[Source records]
# # # # #
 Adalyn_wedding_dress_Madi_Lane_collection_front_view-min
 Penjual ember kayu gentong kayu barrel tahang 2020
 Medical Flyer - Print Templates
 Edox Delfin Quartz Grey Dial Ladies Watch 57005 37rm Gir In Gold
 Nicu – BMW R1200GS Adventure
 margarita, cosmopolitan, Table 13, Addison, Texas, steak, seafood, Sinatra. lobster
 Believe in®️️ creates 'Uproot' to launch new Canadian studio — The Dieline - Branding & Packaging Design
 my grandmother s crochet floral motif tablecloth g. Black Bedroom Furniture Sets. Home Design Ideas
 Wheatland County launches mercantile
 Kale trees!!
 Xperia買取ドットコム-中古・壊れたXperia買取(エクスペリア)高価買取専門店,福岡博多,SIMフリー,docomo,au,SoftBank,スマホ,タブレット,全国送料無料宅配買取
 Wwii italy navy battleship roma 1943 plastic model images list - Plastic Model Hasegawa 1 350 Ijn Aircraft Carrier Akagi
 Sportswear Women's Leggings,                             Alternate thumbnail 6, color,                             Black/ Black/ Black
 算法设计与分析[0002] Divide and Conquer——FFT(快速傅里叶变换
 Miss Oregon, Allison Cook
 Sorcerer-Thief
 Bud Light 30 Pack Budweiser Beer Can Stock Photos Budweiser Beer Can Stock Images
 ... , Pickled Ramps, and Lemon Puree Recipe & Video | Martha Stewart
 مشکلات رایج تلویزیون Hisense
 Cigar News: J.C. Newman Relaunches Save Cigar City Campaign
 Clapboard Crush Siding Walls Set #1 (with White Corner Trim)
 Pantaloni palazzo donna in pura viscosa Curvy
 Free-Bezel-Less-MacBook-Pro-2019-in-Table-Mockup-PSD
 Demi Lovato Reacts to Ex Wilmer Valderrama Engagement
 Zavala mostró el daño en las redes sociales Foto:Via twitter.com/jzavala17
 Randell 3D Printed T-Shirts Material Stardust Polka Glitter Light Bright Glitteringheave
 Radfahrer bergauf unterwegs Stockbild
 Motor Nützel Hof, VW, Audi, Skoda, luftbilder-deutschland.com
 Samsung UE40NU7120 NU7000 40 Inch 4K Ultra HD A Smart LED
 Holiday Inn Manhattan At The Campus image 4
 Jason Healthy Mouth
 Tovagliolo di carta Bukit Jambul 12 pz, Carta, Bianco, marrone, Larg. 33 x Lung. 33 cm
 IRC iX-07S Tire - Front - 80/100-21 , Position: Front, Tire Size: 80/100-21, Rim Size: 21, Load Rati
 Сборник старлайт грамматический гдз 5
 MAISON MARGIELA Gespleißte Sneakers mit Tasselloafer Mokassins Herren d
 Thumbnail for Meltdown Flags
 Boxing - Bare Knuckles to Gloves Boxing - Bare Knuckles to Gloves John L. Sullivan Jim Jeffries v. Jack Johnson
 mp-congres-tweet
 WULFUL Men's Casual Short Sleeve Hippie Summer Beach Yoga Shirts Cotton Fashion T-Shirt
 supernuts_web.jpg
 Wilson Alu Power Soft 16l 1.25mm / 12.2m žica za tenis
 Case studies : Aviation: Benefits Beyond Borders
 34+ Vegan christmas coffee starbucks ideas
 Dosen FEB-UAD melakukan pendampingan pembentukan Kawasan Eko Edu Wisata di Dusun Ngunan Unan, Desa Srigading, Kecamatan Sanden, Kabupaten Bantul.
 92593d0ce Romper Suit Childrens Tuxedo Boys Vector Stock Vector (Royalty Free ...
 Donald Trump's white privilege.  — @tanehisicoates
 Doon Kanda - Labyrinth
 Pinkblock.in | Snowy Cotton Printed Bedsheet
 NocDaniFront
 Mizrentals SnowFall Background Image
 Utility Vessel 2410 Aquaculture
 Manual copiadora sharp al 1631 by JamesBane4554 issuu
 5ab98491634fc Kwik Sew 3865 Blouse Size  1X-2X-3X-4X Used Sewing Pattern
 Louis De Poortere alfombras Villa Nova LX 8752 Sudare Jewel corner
# # # # #
■ Exercise description: What is needed here is how many lines of the entries contain "Design"; give that number alone.

■ The answer: 2